Where communities thrive


  • Join over 1.5M+ people
  • Join over 100K+ communities
  • Free without limits
  • Create your own community
People
Activity
    Max Pagels
    @maxpagels_twitter
    Got some time on my hands, is there a need for a tutorial specifically on progressive validation? I feel there might be some caught out by it, namely the fact that the final regressor in such a setup isn't necessarily good (for lack of a better word). I've seen setups that use incremental learning offline, which is only really advisable if you fully understand the implications (mostly, you are better off using a standard train/test validation procedure).
    3 replies
    Bernardo Favoreto
    @Favoreto_B_twitter
    Hey guys, question about CCBs... is it expected that using the same policy configuration on the same dataset will yield the exact same results in multiple runs? I've been observing this and wondering if something's wrong with my pipeline.
    I thought it shouldn't be due to exploration which inherently brings randomization to the process, but since VW does this under the hood for CCB, I'm not sure.
    To further explain: I'm training a new policy every time (with the same hyperparameters) on the same data ordered the same way. The results (even the action distribution) is always the same.
    Is this expected?
    2 replies
    Sushmita
    @Sushmita10062002
    Hello everyone, I am Sushmita and I am currently studying at Ramjas College, Delhi University.

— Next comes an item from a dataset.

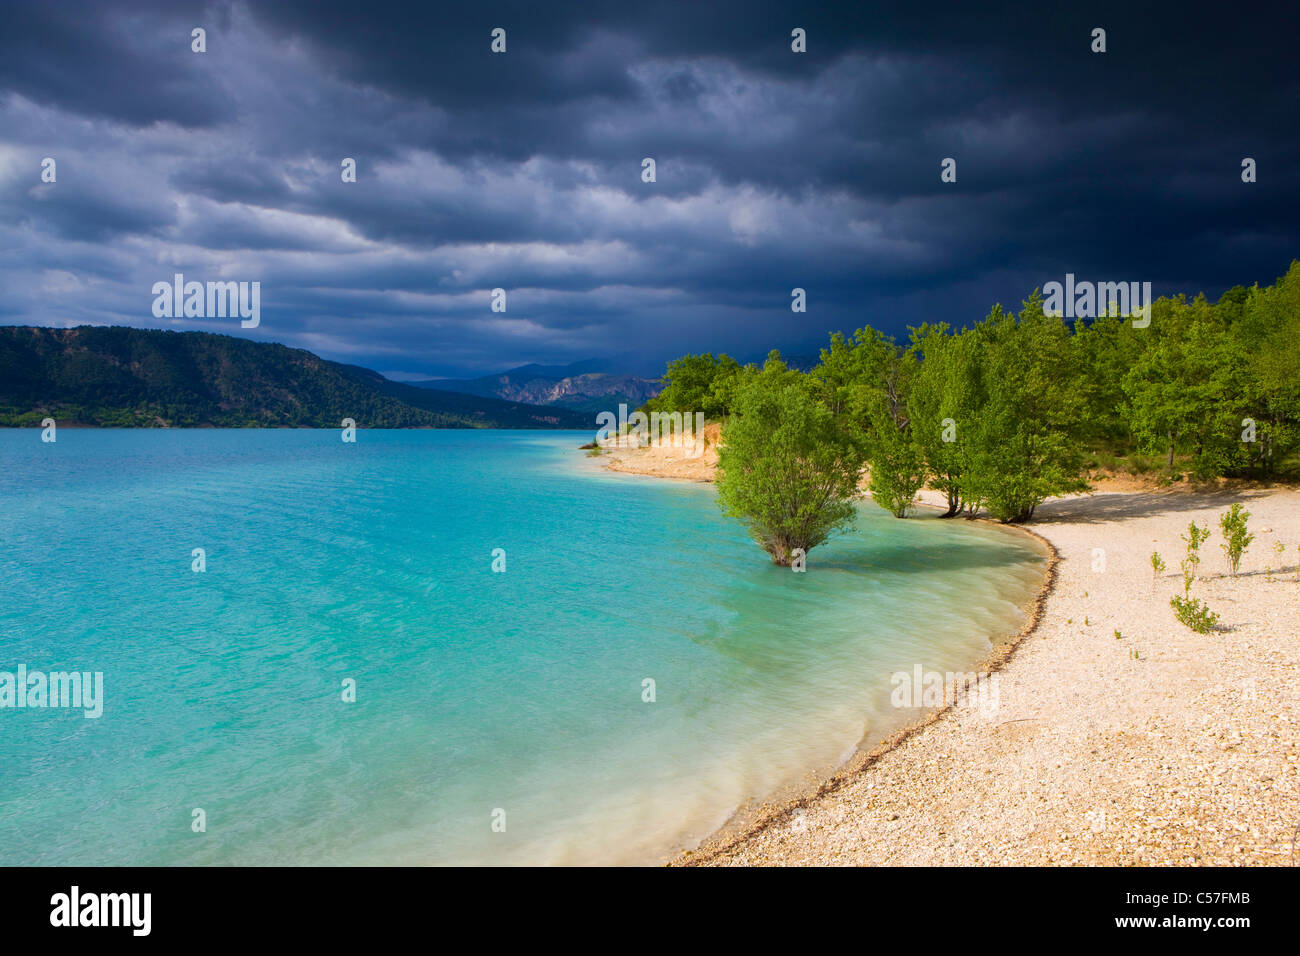 Lac de Sainte Croix, France, Europe, Provence, Alpes-de-Haute-Provence, lake, sea, reservoir, shore, trees, clouds, thunderstorm Stock Photo

I know python, java, Machine Learning, deep learning and tensorflow. I am new to open source but I really want to contribute in this organisaton. Could you please point me in right direction ?
    2 replies
    Bernardo Favoreto
    @Favoreto_B_twitter
    What is the correct way to offline evaluate a policy with exploration?
    My goal is to estimate the average reward of different models and compare that with the current online policy (which can be uniformly random) to assess if it's appropriate to deploy a new policy or not.
    I've been using a custom pipeline that trains for multiple passes using rejection sampling and then assessing the model's performance on a test set, but I'm a bit unsure due to the contexts' distribution shifted induced by the rejection sampling.
    MochizukiShinichi
    @MochizukiShinichi
    Happy holidays everyone! Could anyone please share some knowledge on how to read the logs for contextual bandits in VW? Specifically, 1. is the 'average loss' represent average reward value estimated counterfactually? 2. Is it calculated on a holdout set? 3. If 1 holds, where can I find out the loss of the underlying classifier/oracle? Thanks in advance!
    jonpsy
    @jonpsy:matrix.org
    [m]
    Hello VW team, can someone please explain this format in CCB
    ccb shared | s_1 s_2
    ccb action | a:1 b:1 c:1
    ccb action | a:0.5 b:2 c:1
    ccb action | a:0.5 
    ccb action | c:1
    ccb slot  | d:4
    ccb slot 1:0.8:0.8,0:0.2 0,1,3 | d:7
    jonpsy
    @jonpsy:matrix.org
    [m]
    :point_up: Edit: Hello VW team, can someone please explain this format in CCB
    ccb shared | s_1 s_2
    ccb action | a:1 b:1 c:1
    ccb action | a:0.5 b:2 c:1
    ccb action | a:0.5 
    ccb action | c:1
    ccb slot  | d:4
    ccb slot 1:0.8:0.8,0:0.2 0,1,3 | d:7
    feeding this to the algorithm prints this
    1 reply
    jonpsy
    @jonpsy:matrix.org
    [m]
    [warning] Unlabeled example in train set, was this intentional?, I didn't understand
    What exactly is the slot argument? ccb slot | d:4 what does it mean? Does it mean this is the fourth slot? In L7, what's happening? + the error term. Would be really grateful for an explanation, thanks
    jonpsy
    @jonpsy:matrix.org
    [m]
    Thanks a ton, I was also going through your answer in stackoverflow. I'll be sure to update you on this.
    jonpsy
    @jonpsy:matrix.org
    [m]
    @bassmang: actually could you review my VowpalWabbit/vowpal_wabbit#3546. We can discuss the details over there, let me know if you'd like that
    andy-soft
    @andy-soft
    Hello VW team, I am using VW from C#, for NLP tasks, and there are some examples I could not reproduce because of the constant incompatibilities across versioning of VW, some papers published in 2015 claim the VW is an excellent and fast POS tagger and also claims to be an ultra-fast and precise NERC Named Entity Recognizer Classifier. I've implemented the experiments and it is not true, the F1 scores obtained were significantly lower than the published, and only in English as soon as you switch to other languages like Spanish, the thing renders unusable.
    ¿Has anyone experienced issues like this? I am very disappointed because of this.
    I am using it currently for NLP Intent detection, (OAA Classifier on POS-tagged + morphological analyzed text)
    Although it runs smooth and fine, the F1 score must be always re-calculated afterward, and the loss is tricky, you can get a really low loss, and a bad F1 and vice-versa! Precision-Recall behavior is also an issue.
    12 replies
    jonpsy
    @jonpsy:matrix.org
    [m]

    In CCB, what's the difference between the weight of an example vs it's cost. I thought weight is just an inverse of cost?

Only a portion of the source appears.